WIRELESS MOUSE, MOUSE PAD AND WIRELESS MOUSE APPARATUS

Abstract

There are provided a wireless mouse including: a charging unit receiving power in a non-contact manner to charge a battery with the received power; a movement detection unit detecting movements of the wireless mouse made by a user; and a controlling unit controlling whether or not a charging operation of the charging unit is performed, depending on the movements of the wireless mouse, a mouse pad including: a pad body having a predetermined area; a charging region provided on a portion of a surface of the pad body and transmitting power in a non-contact manner; and an operating region provided on the remainder of the surface of the pad body to be separated from the charging region and assisting in a pointing operation of the mouse, and a wireless mouse apparatus including the wireless mouse and the mouse pad.

Description

CROSS-REFERENCE TO RELATED APPLICATION

This application claims priority to, and the benefit of, Korean Patent Application No. 10-2014-0127924 filed on Sep. 24, 2014, with the Korean Intellectual Property Office, the disclosure of which is incorporated herein by reference.

BACKGROUND

The present disclosure relates to a wireless mouse that receives power in a non-contact manner, a mouse pad that transmits power in a non-contact manner, and a wireless mouse apparatus including a wireless mouse and a mouse pad.

Recently, a commonly used mouse apparatus, which may include a mouse and a mouse pad, has a structure in which information regarding movements of the mouse is transferred to a computer using wireless communications by mounting a transmitter in the mouse and connecting a receiver to a computer, without the mouse and the computer being connected to each other via a cable.

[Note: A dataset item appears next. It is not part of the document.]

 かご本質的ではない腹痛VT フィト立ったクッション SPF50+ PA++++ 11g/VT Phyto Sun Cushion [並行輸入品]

Such a wireless mouse requires a power supply for operating both a sensor part for sensing the movements of the mouse and a transmitter for transmitting a signal sensed by the sensor part.

However, since the wireless mouse according to the related art continuously consumes battery power, such a mouse may be problematic, in that batteries used therein should be frequently exchanged.

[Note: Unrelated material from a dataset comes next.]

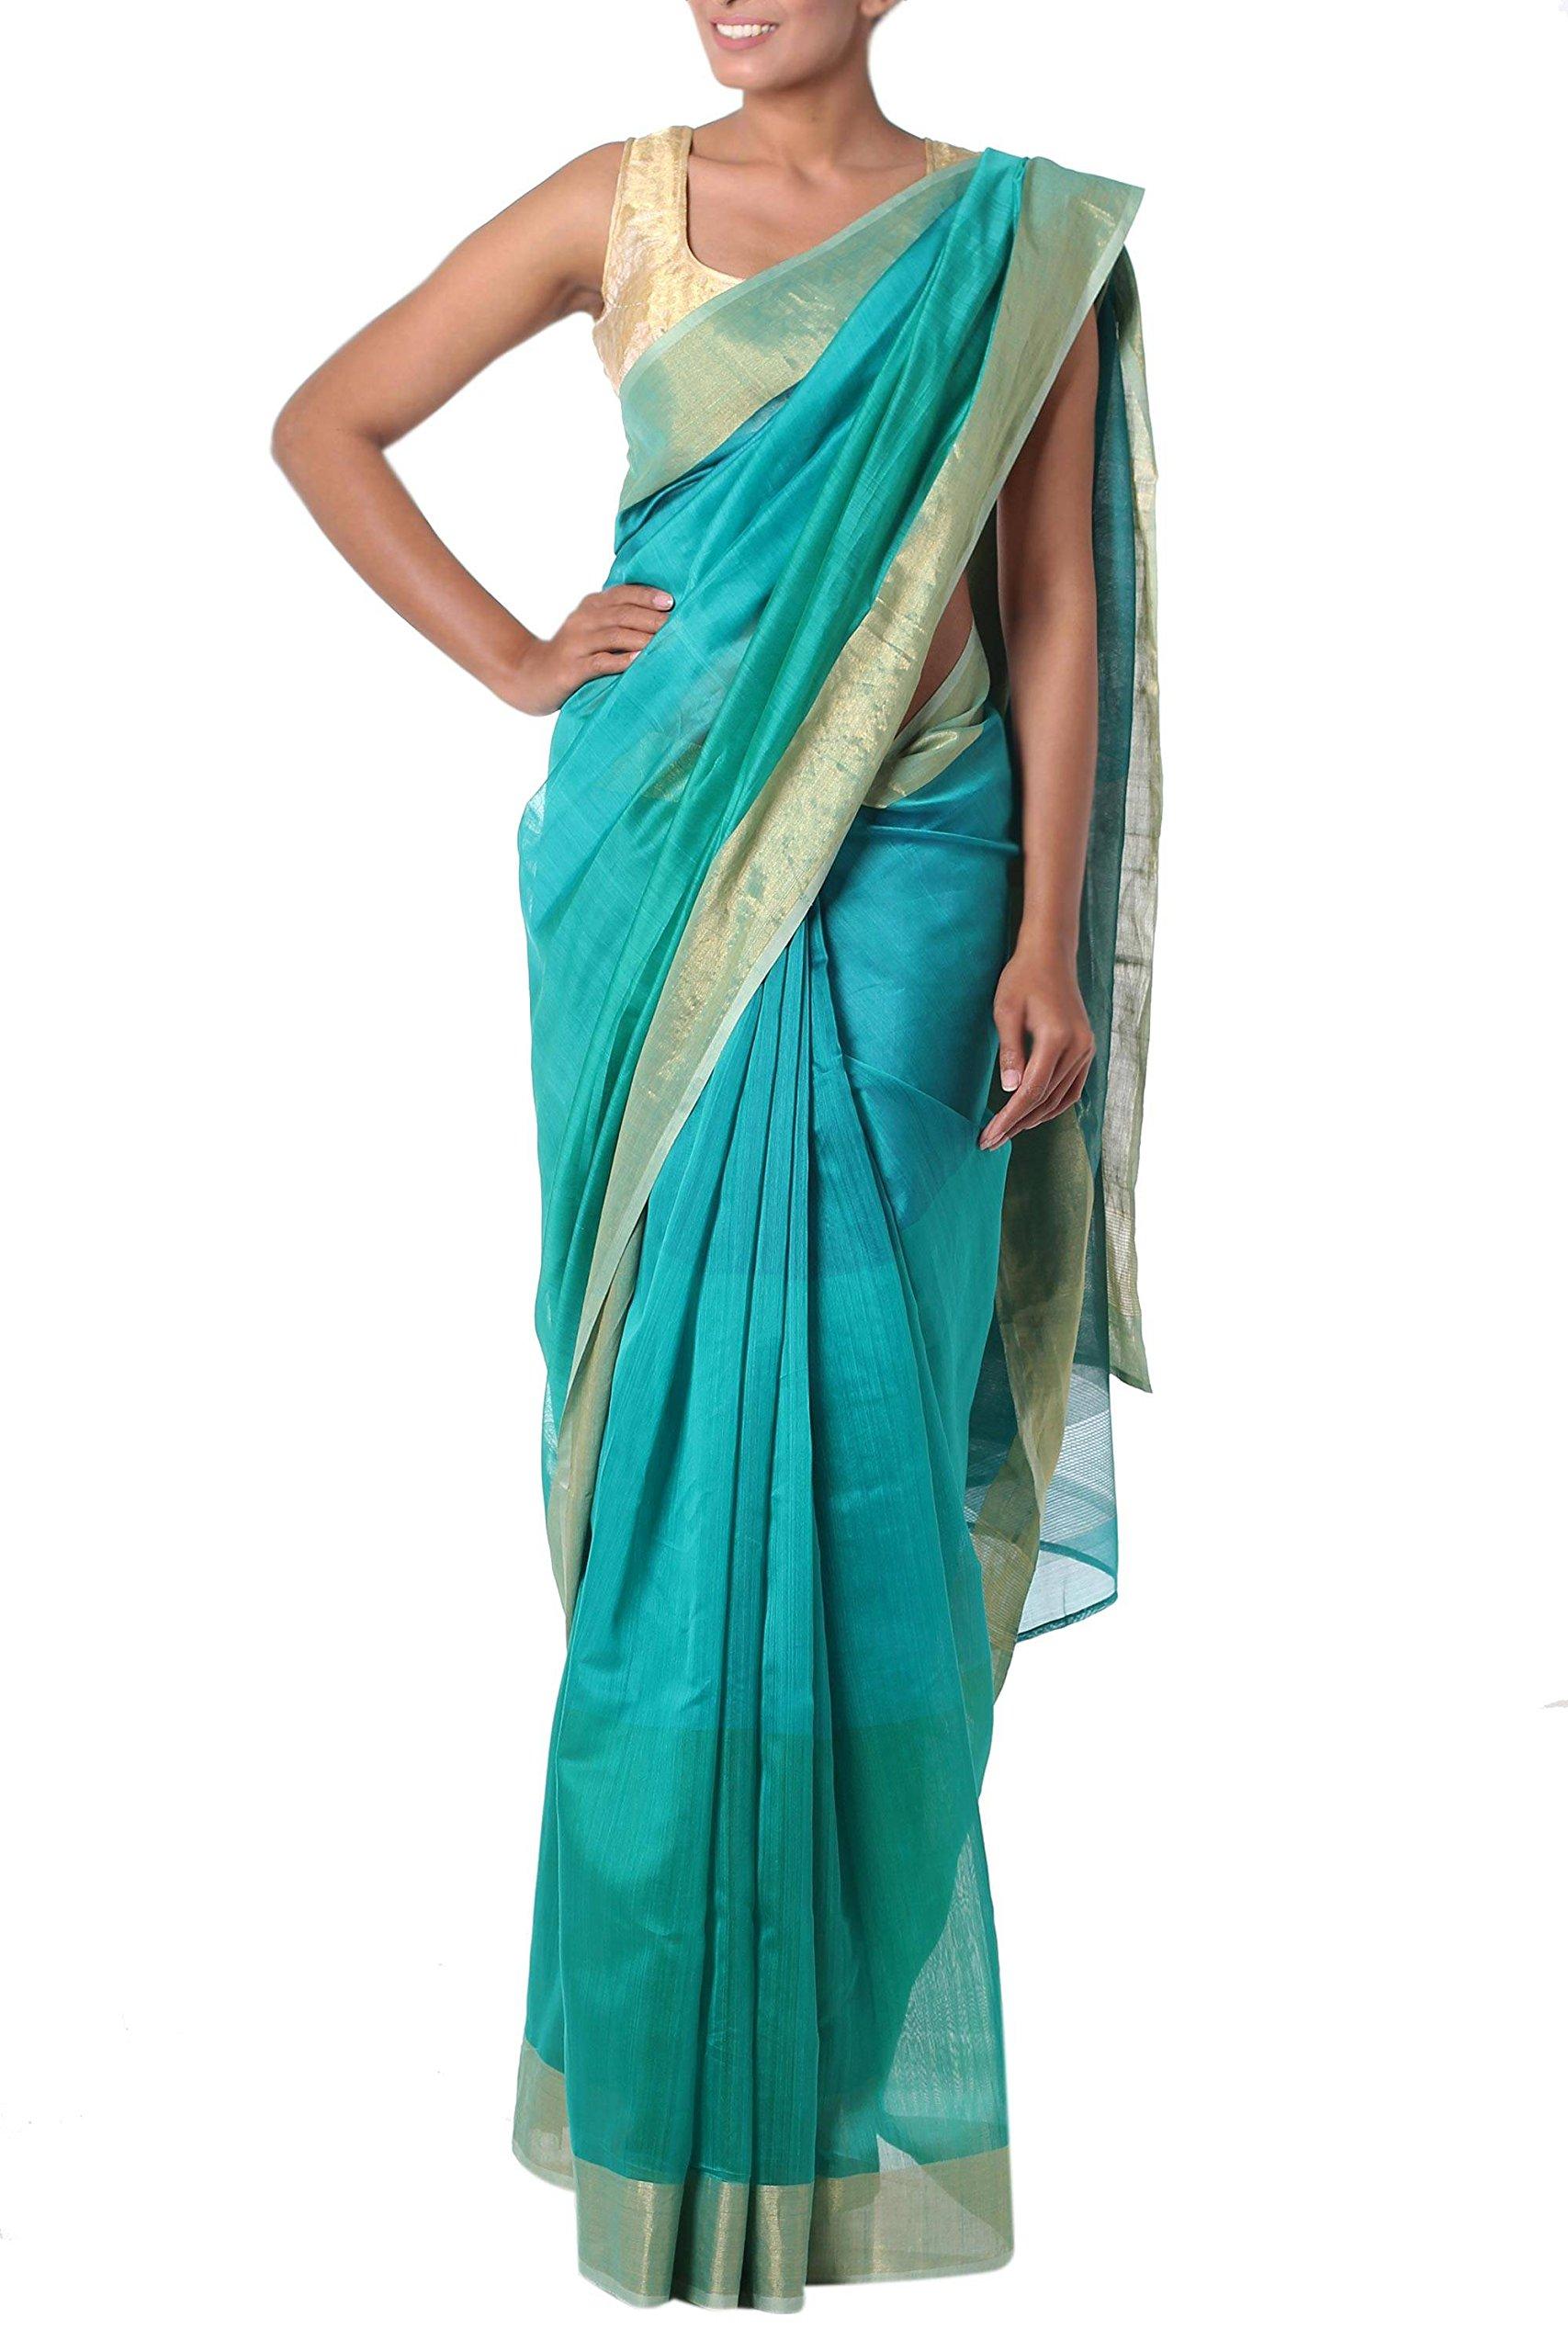 NOVICA Green Cotton and Silk Blend Sari, 'Teal Fantasy'

In addition, since a wireless mouse having a rechargeable battery embedded therein needs to be provided with separate charging cables, connectors, and the like, it is inconvenient to use such a mouse during recharging thereof, and functionality thereof as the wireless mouse may be greatly diminished. As a result, since the burden of charging costs may be aggravated for consumers and the ability to use a computer may be diminished during a charging time, may be inconvenience in the use thereof.

In addition, when a wireless mouse is used during charging thereof, an instantaneous current flowing to the wireless mouse is insufficient, a transmission function of the wireless mouse may be lost.

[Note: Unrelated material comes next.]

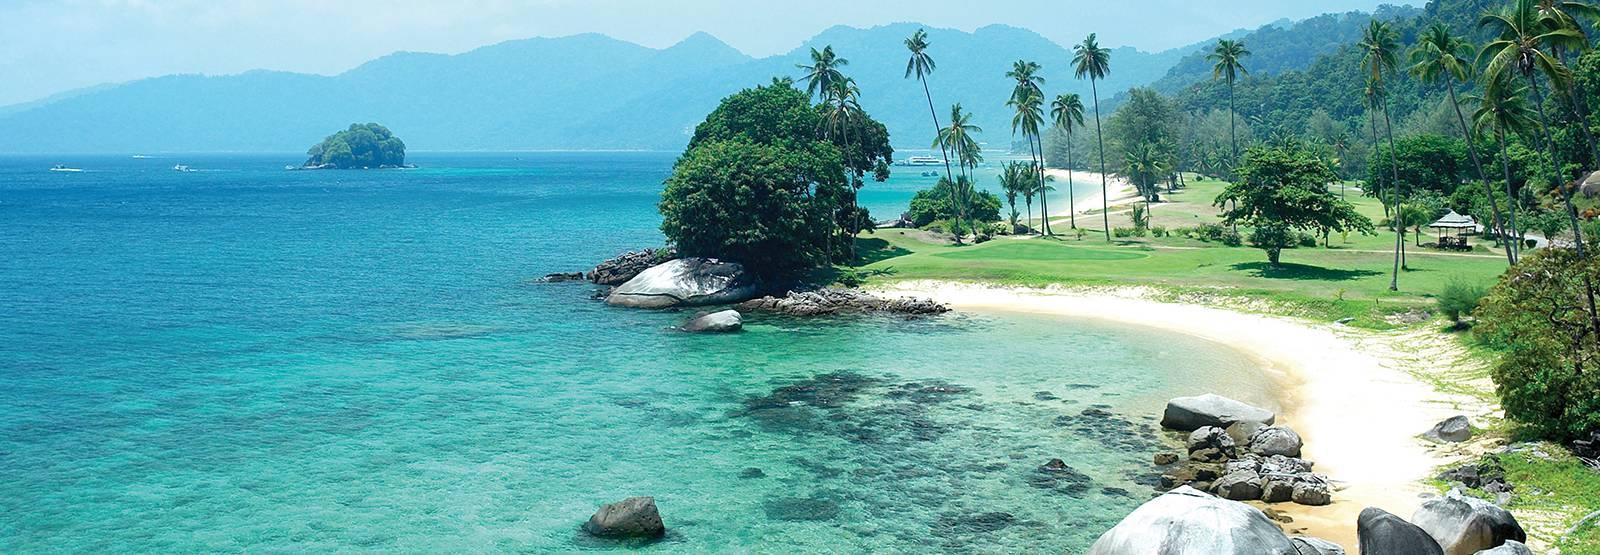 جزیره ی تیومان مالزی بهشت روی زمین

In order to solve the foregoing problems of wireless mouse apparatuses, as described above, a wireless mouse and a mouse pad, receiving and transmitting power in a non-contact manner as described in the following Related Art Document have been disclosed. However, there are problems that a control related to a coil hopping may not be normally performed, due to a power transmission and reception ping period undertaken in the non-contact manner, which may be significantly slower than a communications speed of the wireless mouse, and interference may occur between a communications frequency of the wireless mouse and a communications frequency for transmitting power in the non-contact manner, which may lead to communications problems.

Related Art Document

(Patent Document 1) Korean Patent Laid-Open Publication No. 10-2008-0096917

SUMMARY

An aspect of the present disclosure may provide a wireless mouse, a mouse pad, and a wireless mouse apparatus capable of performing a power charging operation even during operating of the wireless mouse.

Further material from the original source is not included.